MeGT2.6 increases cellulose synthesis and active gibberellin content to promote cell enlargement in cassava

SUMMARY Cassava, a pivotal tropical crop, exhibits rapid growth and possesses a substantial biomass. Its stem is rich in cellulose and serves as a crucial carbohydrate storage organ. The height and strength of stems restrict the mechanised operation and propagation of cassava. In this study, the triple helix transcription factor MeGT2.6 was identified through yeast one‐hybrid assay using MeCesA1pro as bait, which is critical for cellulose synthesis. Over‐expression and loss‐of‐function lines were generated, and results revealed that MeGT2.6 could promote a significant increase in the plant height, stem diameter, cell size and thickness of SCW of cassava plant. Specifically, MeGT2.6 upregulated the transcription activity of MeGA20ox1 and downregulated the expression level of MeGA2ox1, thereby enhancing the content of active GA3, resulting in a large cell size, high plant height and long stem diameter in cassava. Moreover, MeGT2.6 upregulated the transcription activity of MeCesA1, which promoted the synthesis of cellulose and hemicellulose and produced a thick secondary cell wall. Finally, MeGT2.6 could help supply additional substrates for the synthesis of cellulose and hemicellulose by upregulating the invertase genes (MeNINV1/6). Thus, MeGT2.6 was found to be a multiple regulator; it was involved in GA metabolism and sucrose decomposition and the synthesis of cellulose and hemicellulose.
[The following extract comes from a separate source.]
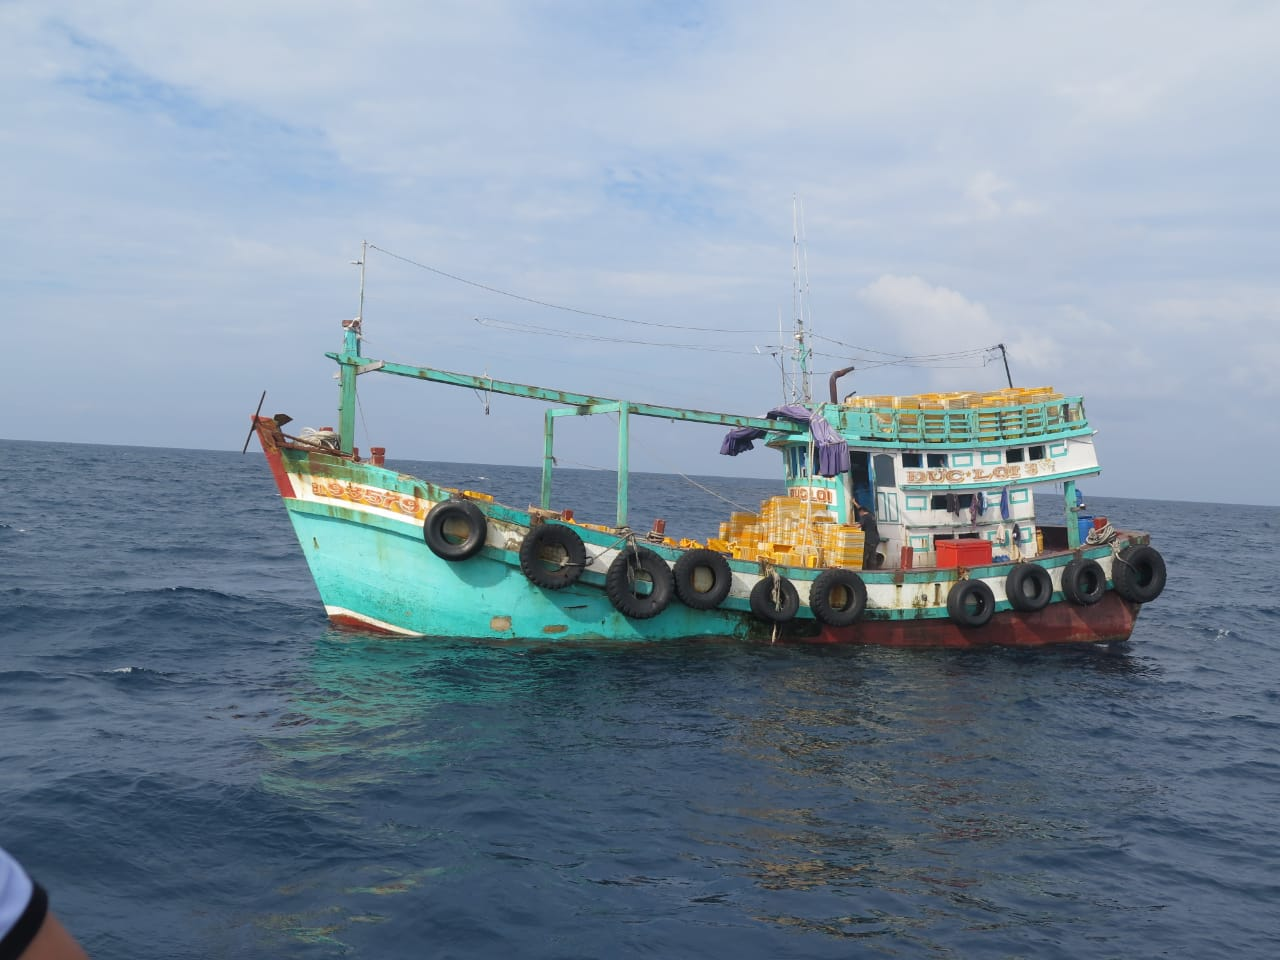 https: img-o.okeinfo.net content 2019 07 28 320 2084615 ri-kembali-tangkap-6-kapal-ilegal-dari-vietnam-dan-filipina-wcaTBlhcIc.jpg

Significance Statement Schematic of the increase in cellulose synthesis and active gibberellin content to promote cell enlargement via the modulation of MeGT2.6. UDP‐Glc: Uridine diphosphate glucose; CSC: cellulose synthase complex; SCW: secondary cell wall. Cassava is a tropical root crop with huge biomass. Increasing the allocation of photoassimilate to the sink organ can enhance the yield of storage root. MeGT2.6 is a multi‐regulatory factor regulating plant growth and development, and carbon source allocation. Its mutant can be created by gene editing, thereby providing an important germplasm resource for breeding new cassava varieties with dwarf property and high starch yield.